Regis Corporation, dba SmartStyle, has agreed to pay $60,000 in damages and back pay to a former employee to settle a lawsuit that was brought by the EEOC in the Western District of Texas. Regis’ employee worked as a hair stylist. Due to her claustrophobia, she could not work at a salon station if it was in a confined space located between others. The EEOC claimed in the lawsuit that Regis violated the ADA when it refused to accommodate the stylist’s claustrophobia and then fired her.

According to the EEOC, the stylist was first assigned to a more open station at the salon. Later Regis moved her to work between other stylists.

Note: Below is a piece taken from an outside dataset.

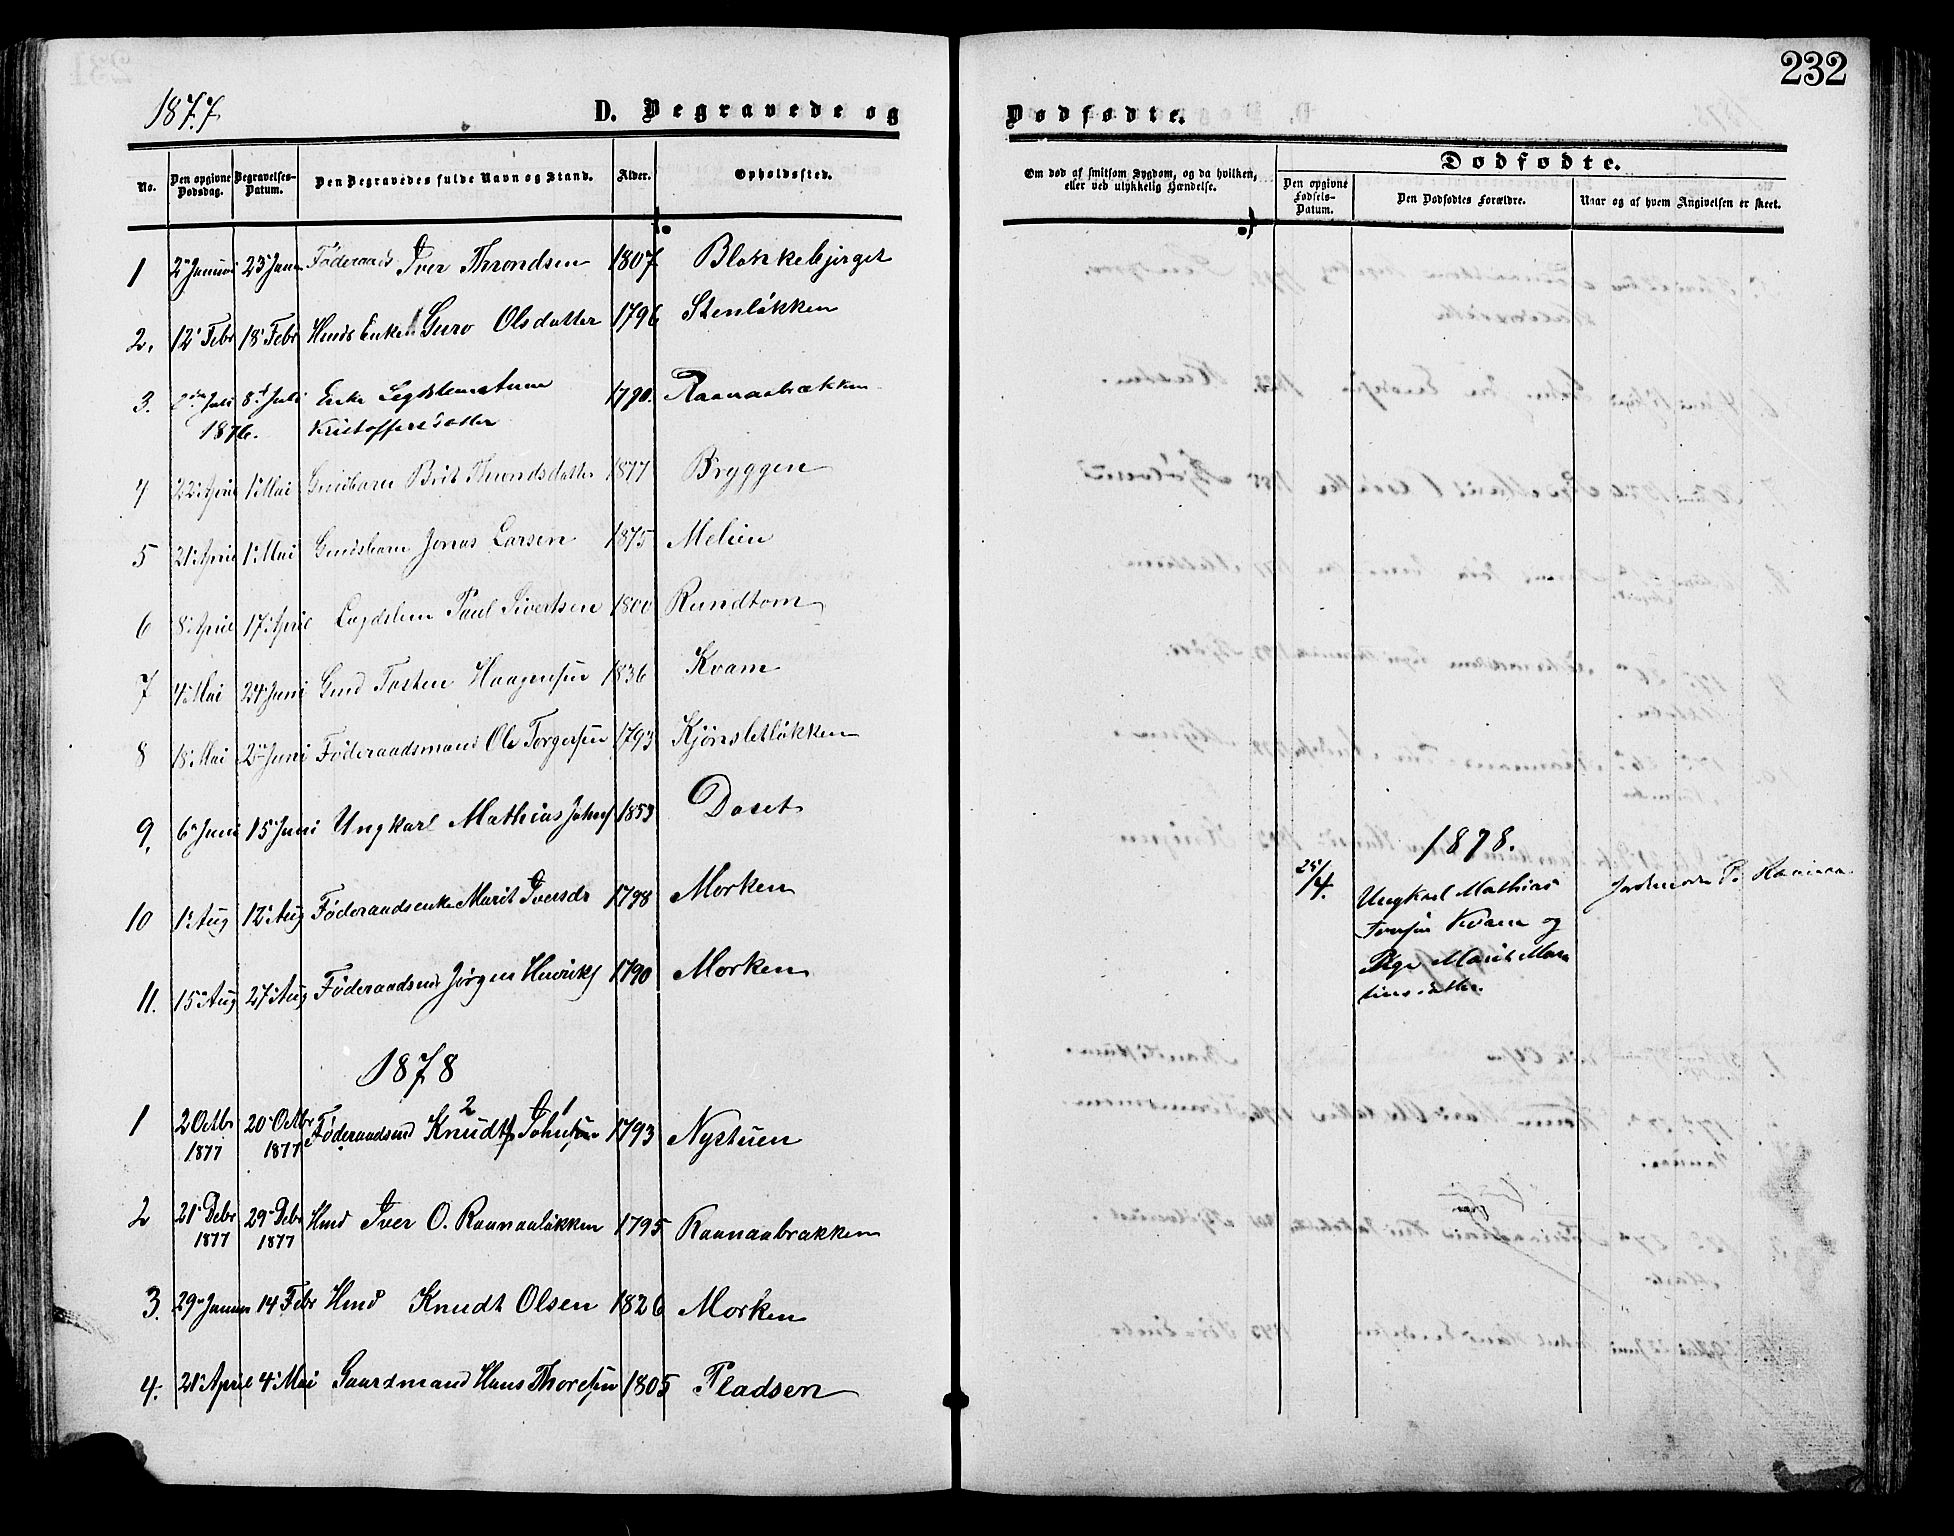 SAH, Lesja prestekontor, Ministerialbok nr. 9, 1854-1889, s. 232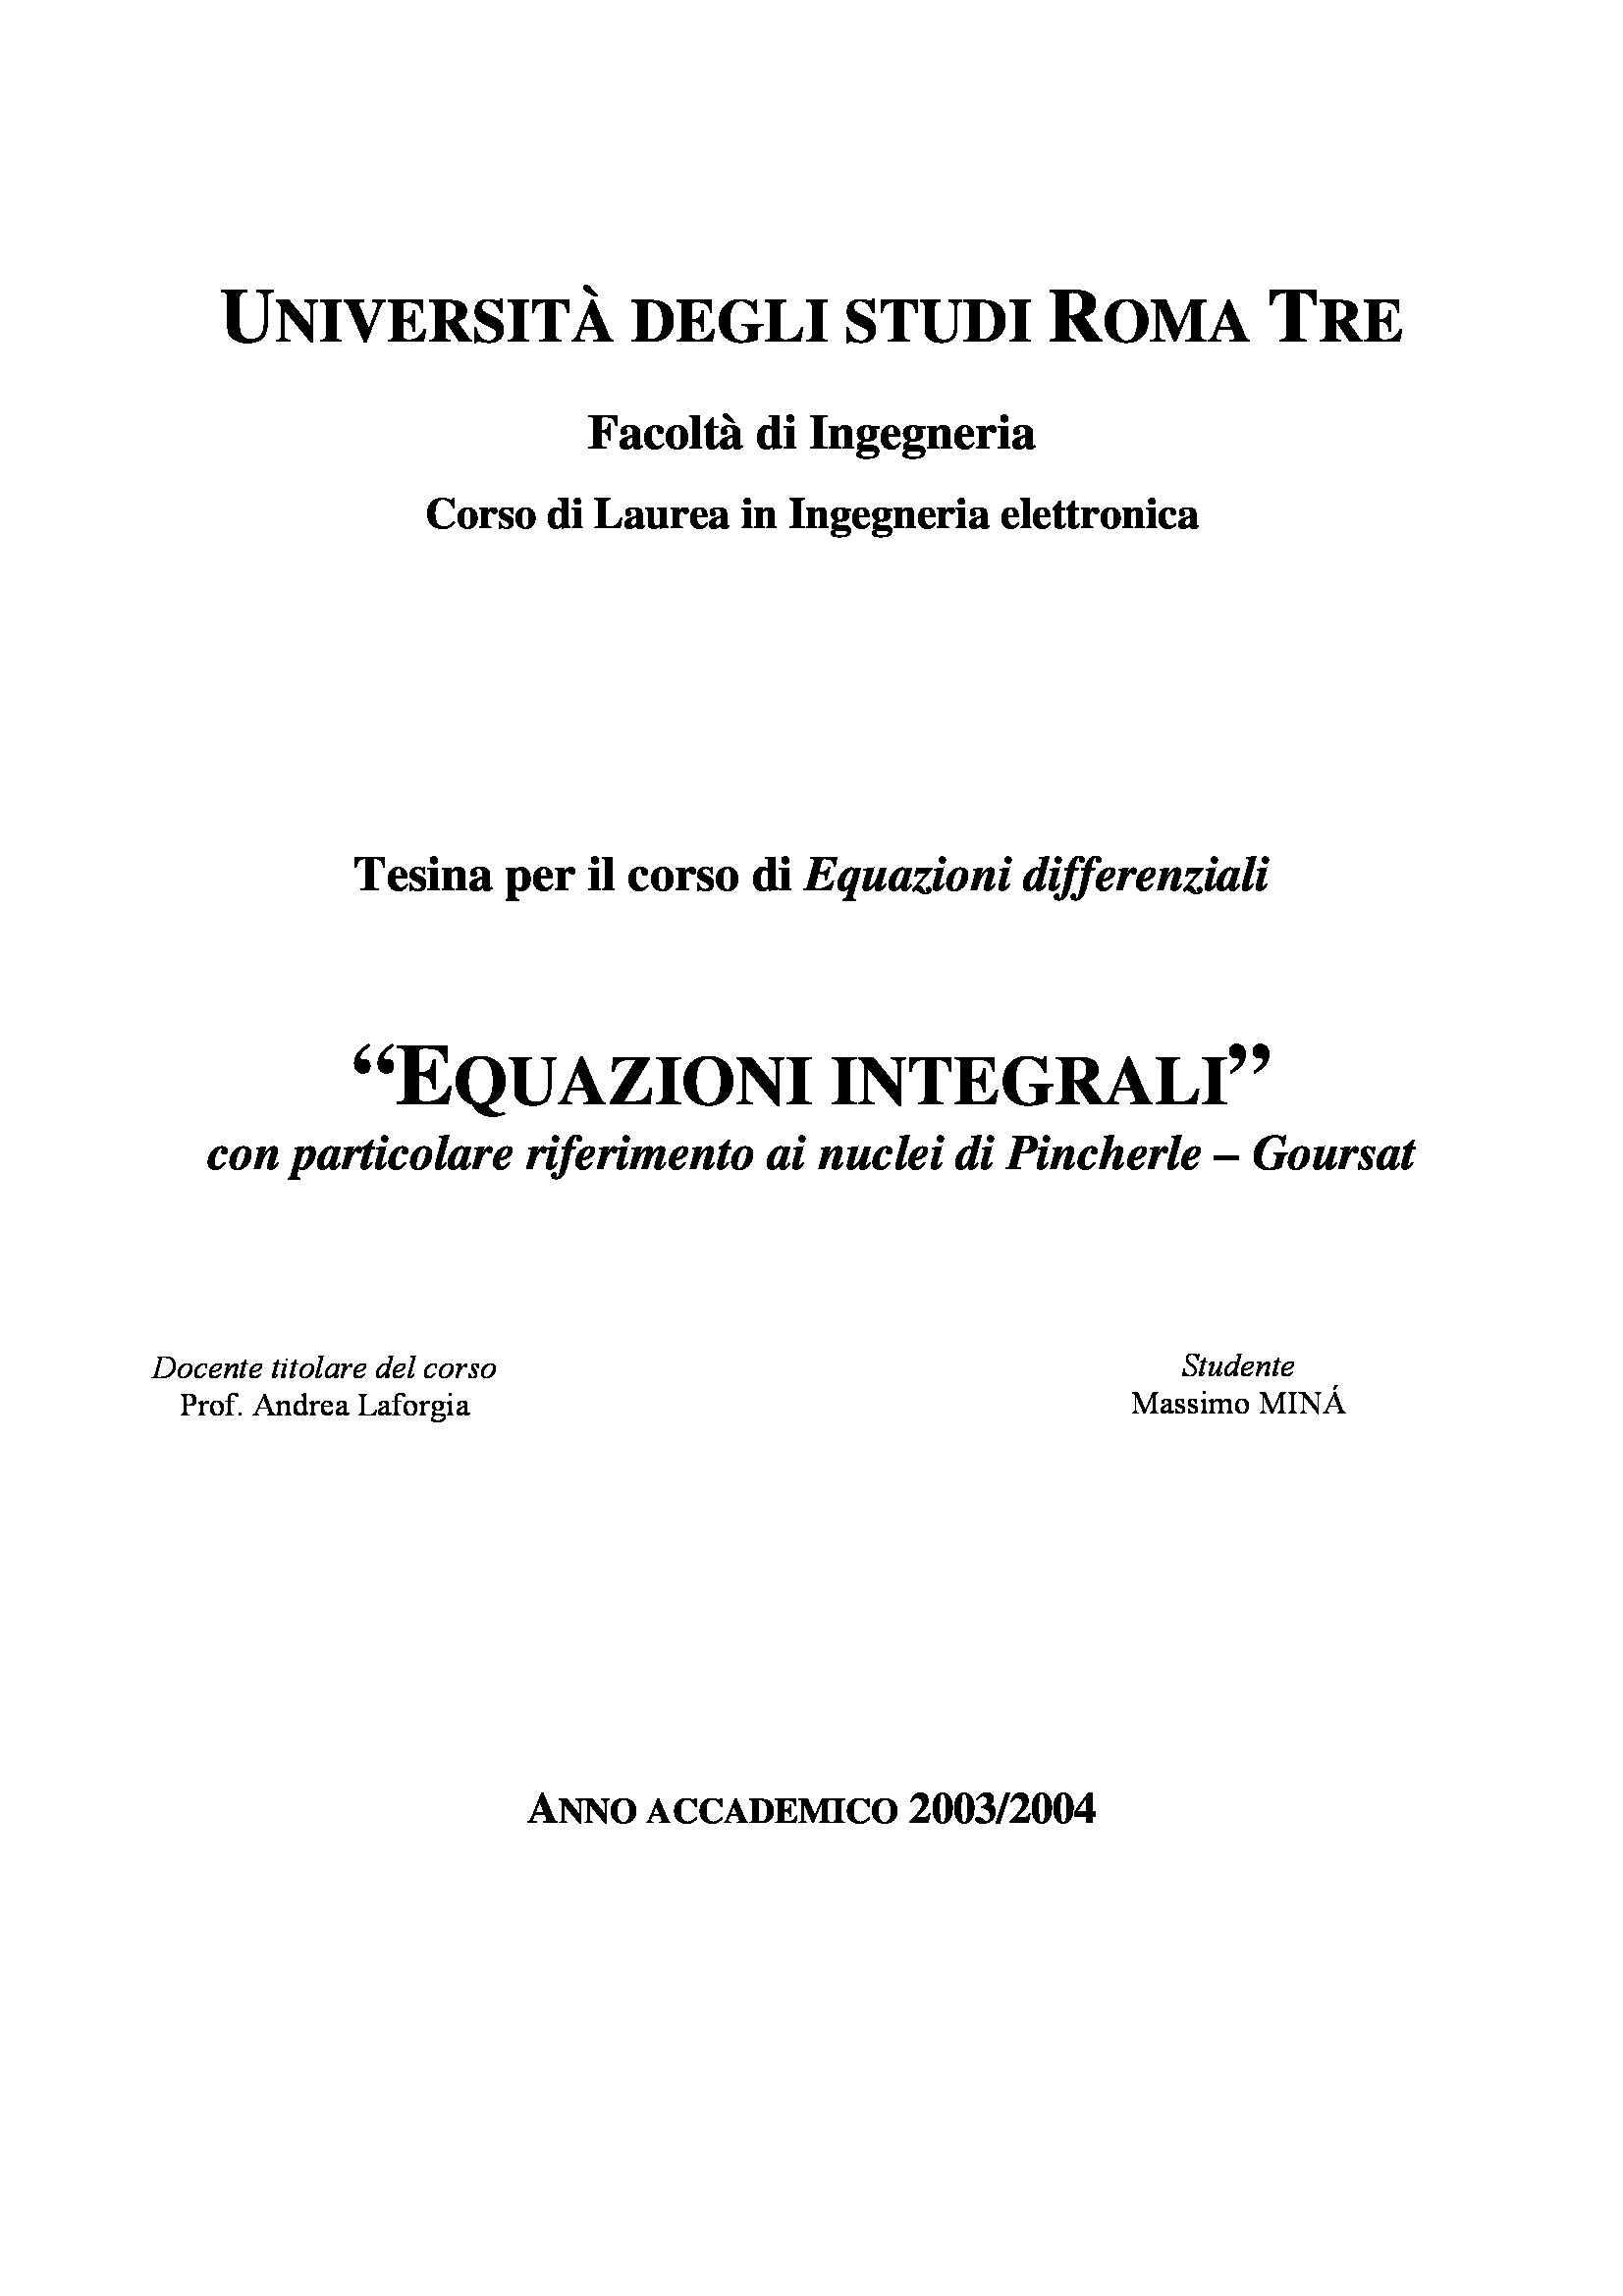 appunto A. Laforgia Metodi matematici per l'ingegneria

The stylist made repeated requests to continue working in her original spot, but Regis refused to move her back to a station that would permit her to avoid feeling claustrophobic. This move caused increased potential for episodic anxiety attacks. As a result, the stylist had a physical reaction that caused her to visit to the hospital emergency room for treatment for her claustrophobia. Also, when the stylist requested two months off work to undergo medical treatment, Regis failed to follow through to assist her with the necessary paperwork for medical leave and then fired her.

In addition to the monetary relief, the parties entered into a two-year consent decree. The decree requires Regis to conduct annual ADA training for the district leader, all salon managers, and hair stylists at its salons in Midland, Odessa, and Big Spring, Texas. Regis must also post a notice regarding disability discrimination and describe the reporting procedure for employees who believe they have been discriminated against on the job.